Mas, segundo o Inep publicou inicialmente, o certo seria “demonstram uma postura de imaturidade” (alternativa “d”). Depois do questionamento do G1, o gabarito foi corrigido para “c”.
Mulheres negras apontam racismo
Tatiane Ribeiro, coordenadora nacional da rede de cursinhos populares Emancipa, diz que manter o cabelo natural representa, sim, um ato de resistência contra um padrão da sociedade.
“Eu passei pela transição capilar [processo de reassumir o cabelo natural], depois de fazer alisamento por muitos anos. Muitas pessoas disseram que eu perderia oportunidades de emprego por causa do meu cabelo. E sei que isso aconteceu”, conta.
Sonia Guimarães, primeira mulher negra a se tornar doutora em física no Brasil e a ser professora no Instituto Tecnológico de Aeronáutica (ITA), acredita que há um retrocesso.
“O racismo forçou as mulheres – inclusive as negras – a acreditarem que o cabelo crespo é feio. Isso não é questão de imaturidade. O Inep deveria cancelar a questão e pedir desculpas”, afirma.
Questão sobre buscas no Google
Além da pergunta sobre alisamento de cabelo, outra também foi motivo de debate por racismo.
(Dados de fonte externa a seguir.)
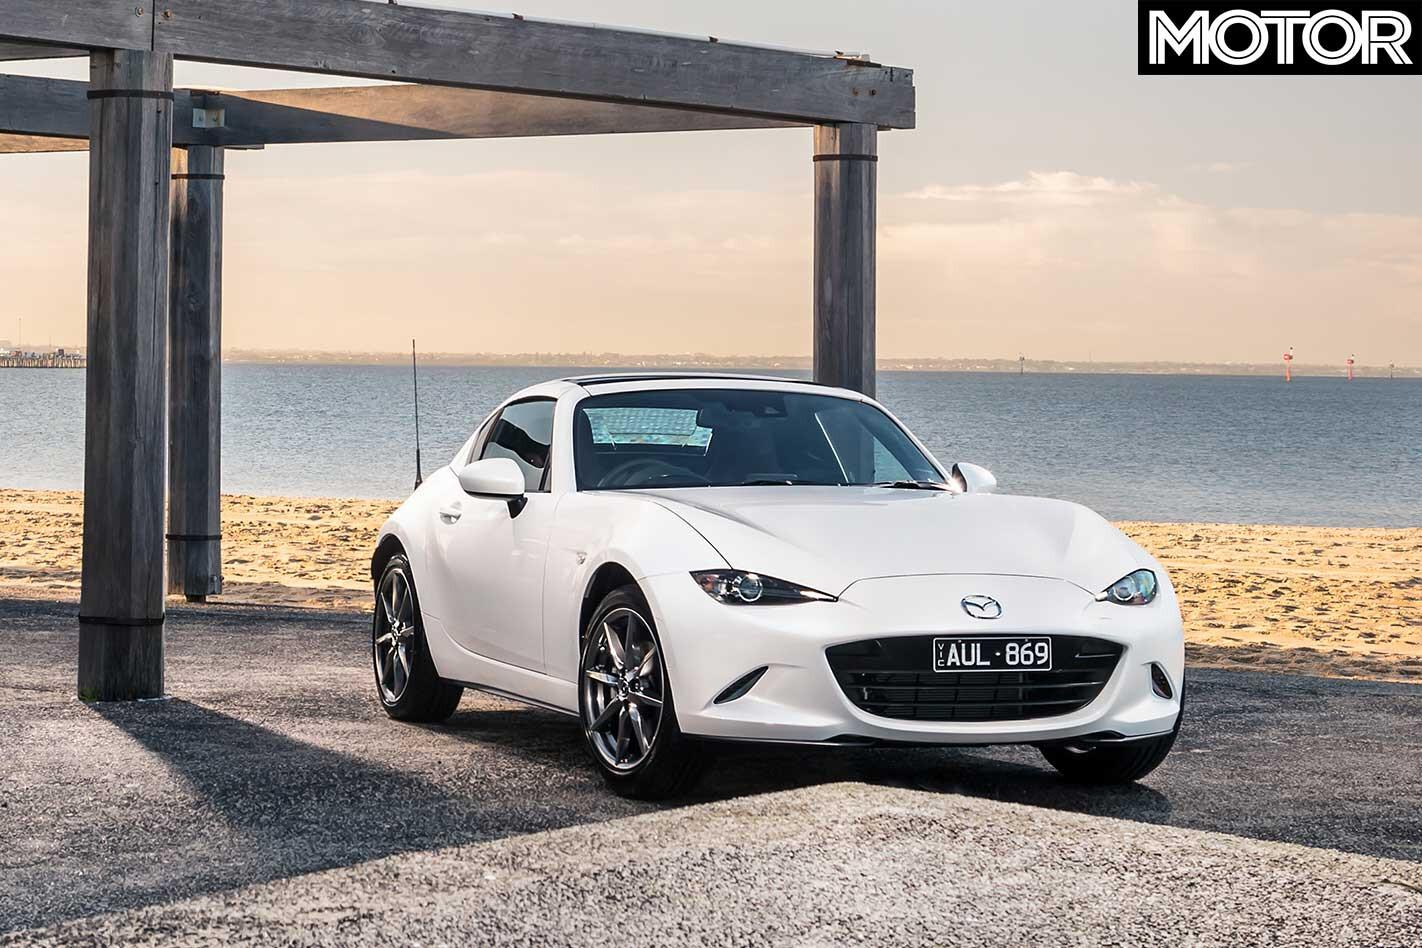 2018 Mazda MX 5 RF Front Static Jpg

Na prova de linguagens, uma questão menciona que, ao digitar nomes comuns entre negros dos EUA, a chance de os anúncios automáticos oferecerem checagem de antecedentes criminais pode aumentar 25%.
A pergunta é: “O texto permite o desnudamento da sociedade ao relacionar as tecnologias de informação e comunicação com o(a)…”. A resposta, segundo o gabarito extraoficial do G1, é: “preconceito”. O Inep, inicialmente, havia indicado que a resposta certa seria “linguagem”. Depois, corrigiu o gabarito.
“Isso tem nome: racismo. A questão tinha mesmo de ser cancelada. É o primeiro passo para se retratar diante da comunidade negra”, diz Marcela Peixoto.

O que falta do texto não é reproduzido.